Making self-driving cars for mass consumption is difficult. Why?
1. The software. Problems involving computer vision and perception, processing low resolution information and decision-making.
2. The sensors. Far from solved in ambiguous environments. It seems like the current approach is a cocktail of sensors that mitigate failure or low resolution in any particular type of sensor and environment. How do these collections of sensors handle grime, snow and rain?
3. Cars are dangerous, which creates a whole set of regulatory and ethical questions, as well as requiring extremely high precision for (1) and (2.)
4. Cars themselves are difficult and costly to manufacture. They require hundreds of thousands of parts to be acquired on time, pieced together and tested– this is no trivial feat.
But what if you didn’t have to worry about (3) and (4)?
Well, you wouldn’t have a car. But you might have something very useful that can be built today, on the back of the expertise and technology that has been developed in the labs of Stanford, CMU, Google, BMW, Mercedes, Volkswagen and many more. The expertise developed in these labs manifests itself not just in the final self-driving vehicle, but in its byproduct as well: papers, algorithms, sensors, software libraries and people.
Chris Anderson has a wonderful phrase, “the peace dividends of the smartphone wars.” What he means is this: Apple, Google, Samsung and others have invested billions of dollars in smartphones, and the benefits of their investments have far-reaching effects outside of our pocket supercomputers. Think better, faster and cheaper ARM processors, newly commoditized sensors (cameras, GPS, accelerometers) and SSDs that are cheaper, more reliable and perform better. The Raspberry Pi would not have been possible without the smartphone, nor would the array of smart wristbands or drones that are available today.

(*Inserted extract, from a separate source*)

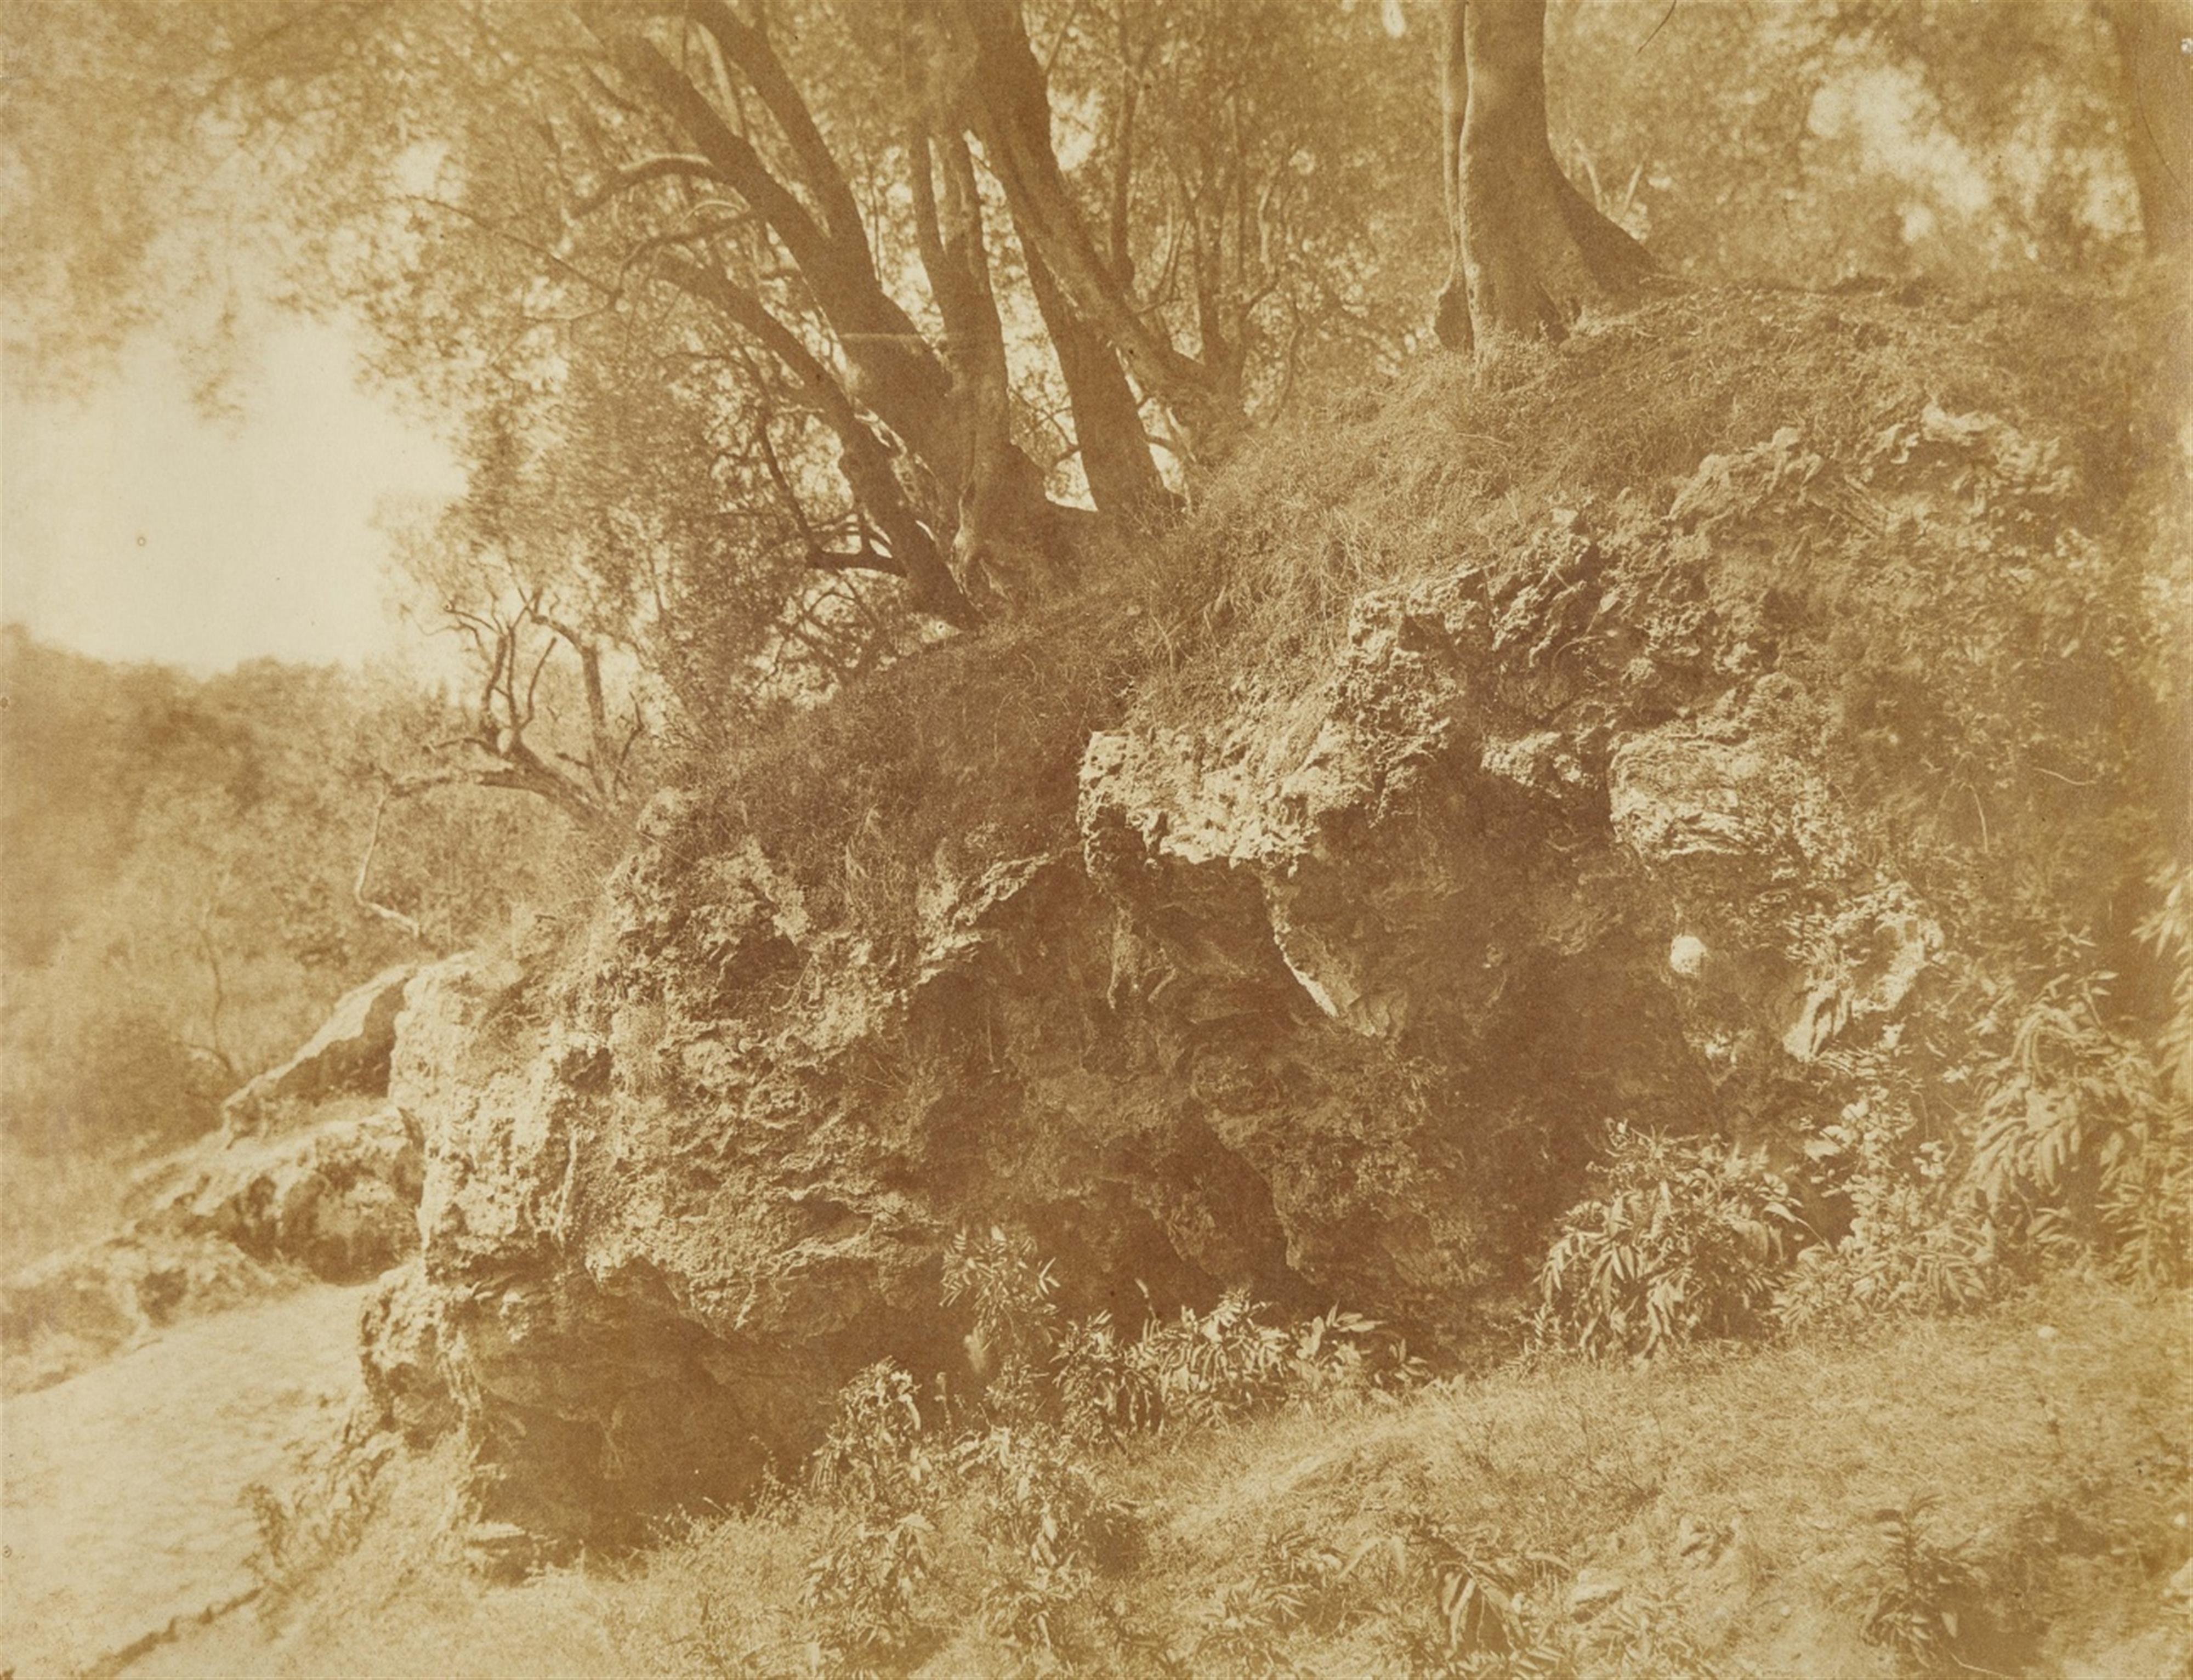 Giacomo Caneva - Study with Rocks and Trees, Campagna Romana - image-1

What, in essence, you might be able to do for self-driving cars is harvest the dividend before the war is over. While the complexity of self-driving cars (regulatory, ethical and otherwise) will delay the arrival of the fully autonomous car by five, ten or fifteen years, the technology in some deployable form will exist before then.
The other advantage you’ll have in applying self-driving technology outside of automotive vehicles is that you’ll be able to deploy it in an environment where you control the surrounding infrastructure– augmenting onboard sensors with data from the environment and creating more predictable surroundings.
Where might this approach work? Toys, factory automation, household robotics and farming are all areas where this has already begun, but I think we are only at the beginning of discovering our great automated world.